George Dow is one of the most explosive and versatile Indigenous performers in Australia today. There are few artists around with such all round skills; he is a principal dancer and didgeridoo player in traditional Aboriginal mainland culture, and a principal dancer, singer, and musician in Torres Strait Island culture, George also backs up as a contemporary dancer, and a singer/songwriter/guitarist.


George Dow’s ancestry comes from the Cape York Peninsula & Murray Island having both Islander and Aboriginal ancestry. He learned his trade in Sydney at the Aboriginal Dance Theatre in Redfern, but was taught his traditional culture from his family and elders on Murray Island.

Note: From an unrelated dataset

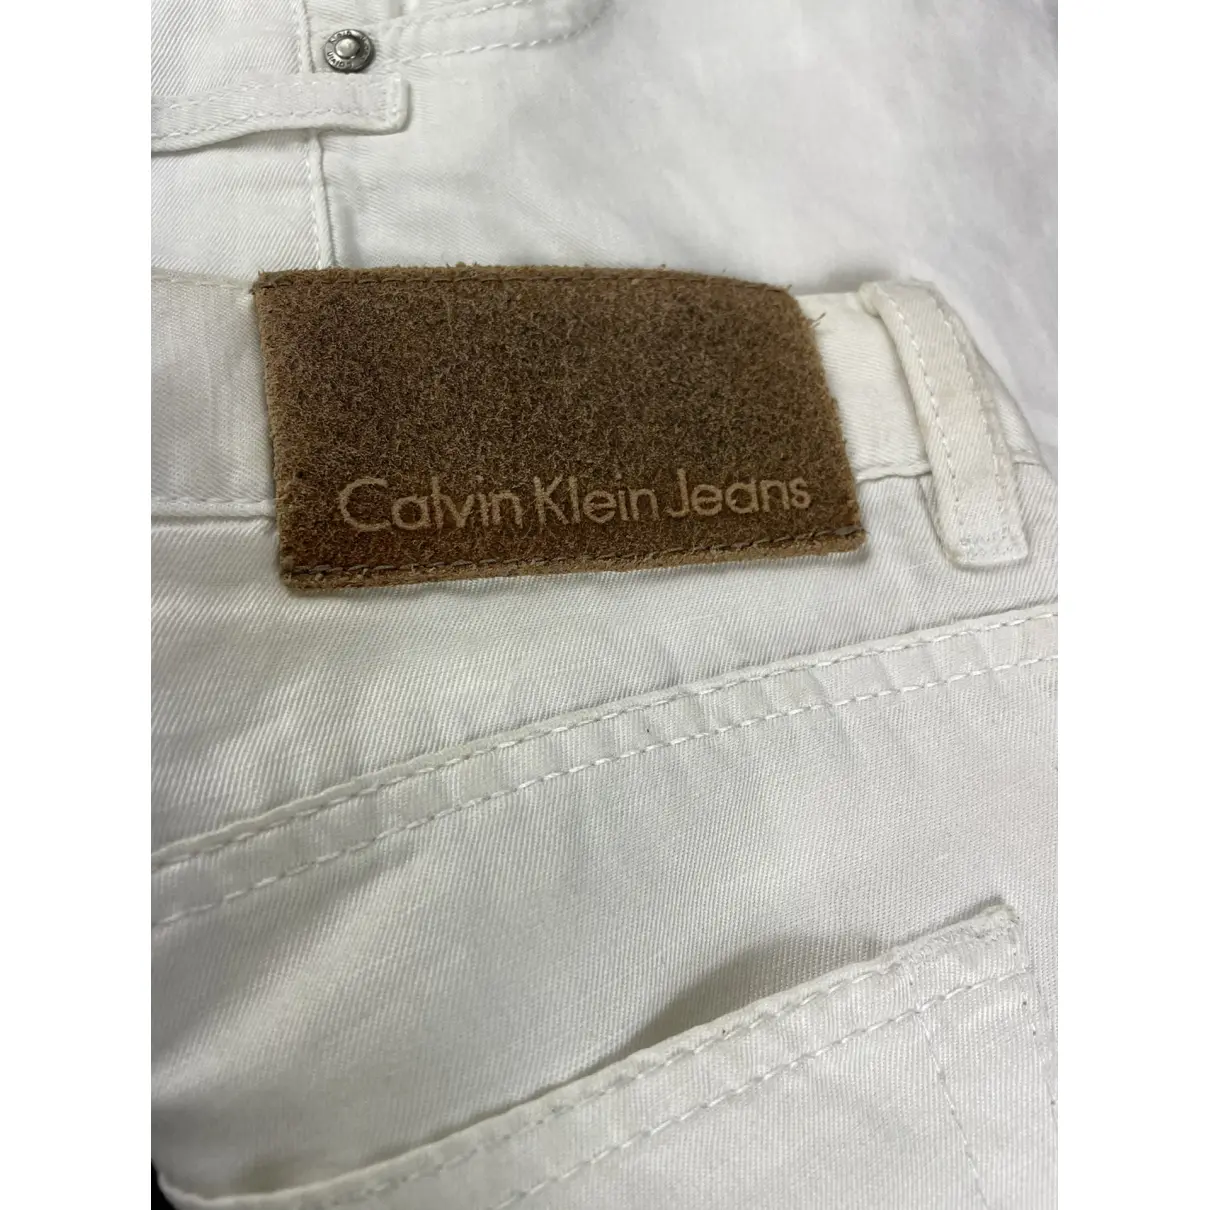 Buy Calvin Klein Trousers online

Guest speaker: Dr Tiffany McComsey, Kinchela Boys Home Aboriginal Corporation

Tiffany completed her PhD in Social Anthropology at the University of Manchester in 2012. She examined Aboriginal community development practices in Redfern from 2005 to 2007.

She is a passionate community advocate and is a member of the Executive Committee of Just Reinvest NSW. She is CEO of the Kinchela Boys Home Aboriginal Corporation, which supports survivors of the Kinchela Aboriginal Boys Training Home, their descendants, and families.

She has spent over a decade working and conducting research with Aboriginal community members and organisations, primarily in inner city Sydney (the communities of Redfern and Waterloo).

Tiffany was the inaugural coordinator of Just Reinvest NSW and sits on the Indigenous Issues Committee of the NSW Law Society.